Handle PCI dev reconf with allocations

PCI devices which are allocated to instances can be removed from the [pci]device_spec configuration or can be removed from the hypervisor directly. The existing PciTracker code handle this cases by keeping the PciDevice in the nova DB exists and allocated and issue a warning in the logs during the compute service startup that nova is in an inconsistent state. Similar behavior is now added to the PCI placement tracking code so the PCI inventories and allocations in placement is kept in such situation. There is one case where we cannot simply accept the PCI device reconfiguration by keeping the existing allocations and applying the new config. It is when a PF that is configured and allocated is removed and VFs from this PF is now configured in the [pci]device_spec. And vice versa when VFs are removed and its parent PF is configured. In this case keeping the existing inventory and allocations and adding the new inventory to placement would result in placement model where a single PCI device would provide both PF and VF inventories. This dependent device configuration is not supported as it could lead to double consumption. In such situation the compute service will refuse to start. blueprint: pci-device-tracking-in-placement Change-Id: Id130893de650cc2d38953cea7cf9f53af71ced93
2022-08-08 12:42:56 +02:00 · 2022-08-08 12:42:56 +02:00 · 9268bc36a3
parent ab439dadb1
commit 9268bc36a3
7 changed files with 281 additions and 42 deletions
--- a/doc/source/admin/pci-passthrough.rst
+++ b/doc/source/admin/pci-passthrough.rst
@ -404,4 +404,20 @@ is upgraded. If there is an in-progress migration, then the PCI allocation on
 the source host of the migration will not be healed. The placement view will be
 consistent after such migration is completed or reverted.

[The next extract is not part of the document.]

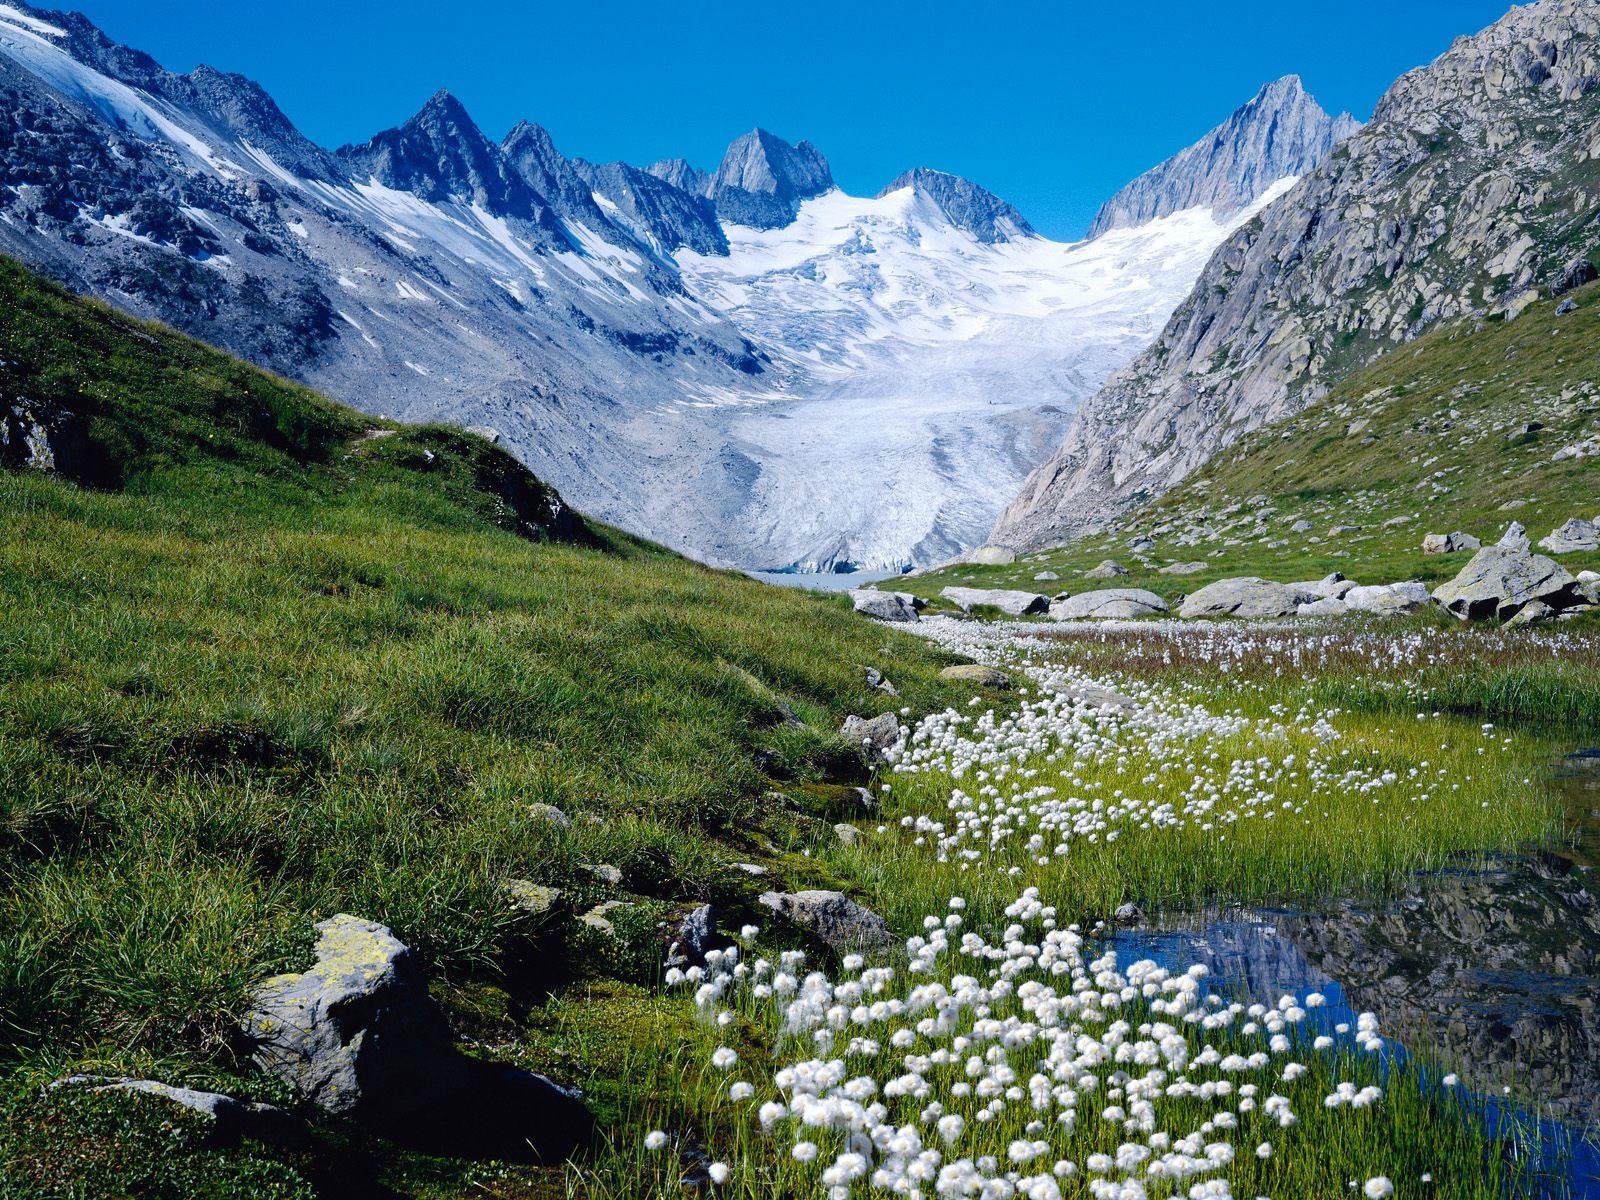 http://3.bp.blogspot.com/-REa-_jKwUu8/T5cAYIaRNSI/AAAAAAAADds/evgR4M-P2_0/s1600/HD+Mountain+Spring+Wallpapers.jpg
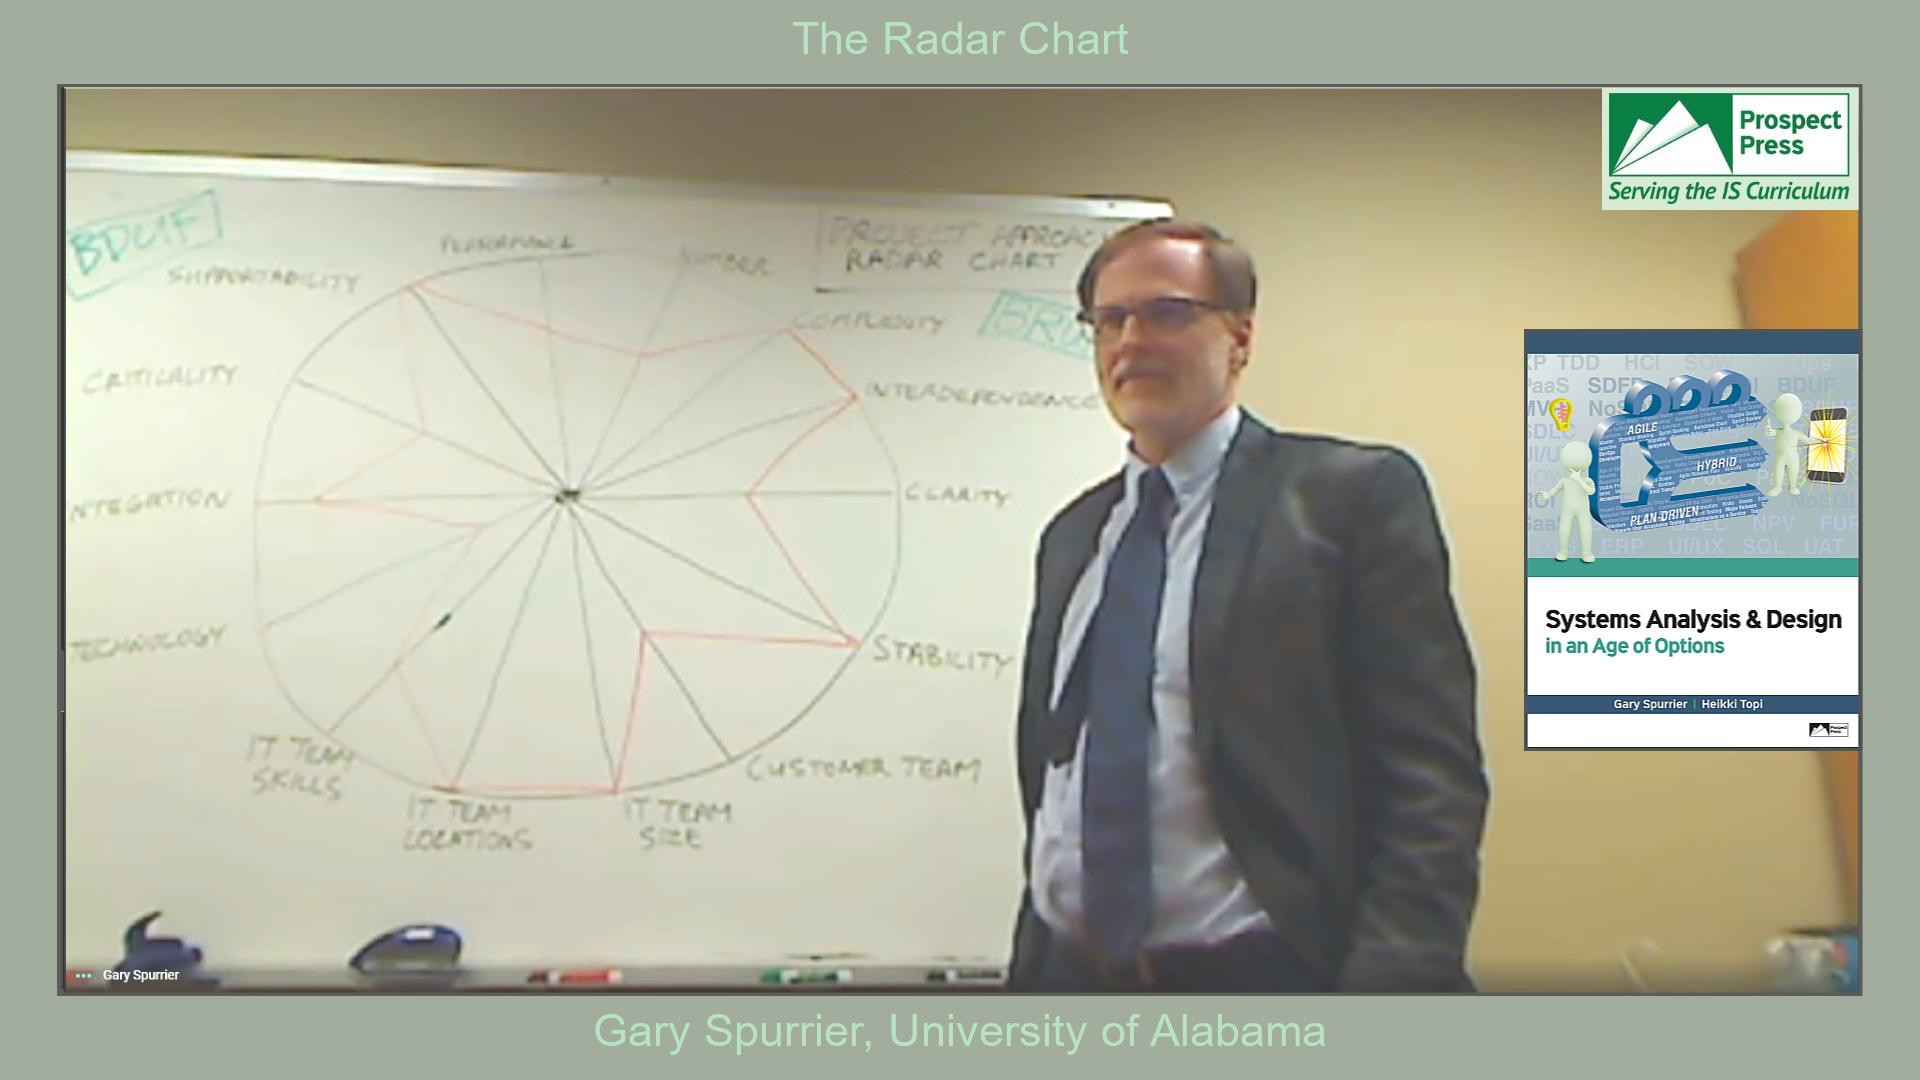 The Radar Chart

+Reconfiguring the PCI devices on the hypervisor or changing the
+:oslo.config:option:`pci.device_spec` configuration option and restarting the
+nova-compute service is supported in the following cases:
+
+* new devices are added
+* devices without allocation is removed
+
+Removing a device that has allocations is not supported. If a device having any
+allocation is removed then the nova-compute service will keep the device and
+the allocation exists in the nova DB and in placement and logs a warning. If
+a device with any allocation is reconfigured in a way that an allocated PF is
+removed and VFs from the same PF is configured (or vice versa) then
+nova-compute will refuse to start as it would create a situation where both
+the PF and its VFs are made available for consumption.
+
+
 For deeper technical details please read the `nova specification. <https://specs.openstack.org/openstack/nova-specs/specs/zed/approved/pci-device-tracking-in-placement.html>`_
--- a/nova/compute/pci_placement_translator.py
+++ b/nova/compute/pci_placement_translator.py
@ -443,15 +443,33 @@ class PlacementView:
            fields.PciDeviceStatus.DELETED,
            fields.PciDeviceStatus.REMOVED,
        ):
+            # If the PCI tracker marked the device DELETED or REMOVED then
+            # such device is not allocated, so we are free to drop it from
+            # placement too.
            self._remove_dev(dev)
        else:
            if not dev_spec:
-                LOG.warning(
-                    "Device spec is not found for device %s in "
-                    "[pci]device_spec. Ignoring device in Placement resource "
-                    "view. This should not happen. Please file a bug.",
-                    dev.address
-                )
+                if dev.instance_uuid:
+                    LOG.warning(
+                        "Device spec is not found for device %s in "
+                        "[pci]device_spec. We are skipping this devices "
+                        "during Placement update. The device is allocated by "
+                        "%s. You should not remove an allocated device from "
+                        "the configuration. Please restore the configuration "
+                        "or cold migrate the instance to resolve the "
+                        "inconsistency.",
+                        dev.address,
+                        dev.instance_uuid
+                    )
+                else:
+                    LOG.warning(
+                        "Device spec is not found for device %s in "
+                        "[pci]device_spec. Ignoring device in Placement "
+                        "resource view. This should not happen. Please file a "
+                        "bug.",
+                        dev.address
+                    )
+
                return

            self._add_dev(dev, dev_spec.get_tags())
--- a/nova/compute/resource_tracker.py
+++ b/nova/compute/resource_tracker.py
@ -1295,14 +1295,22 @@ class ResourceTracker(object):
        # This merges in changes from the provider config files loaded in init
        self._merge_provider_configs(self.provider_configs, prov_tree)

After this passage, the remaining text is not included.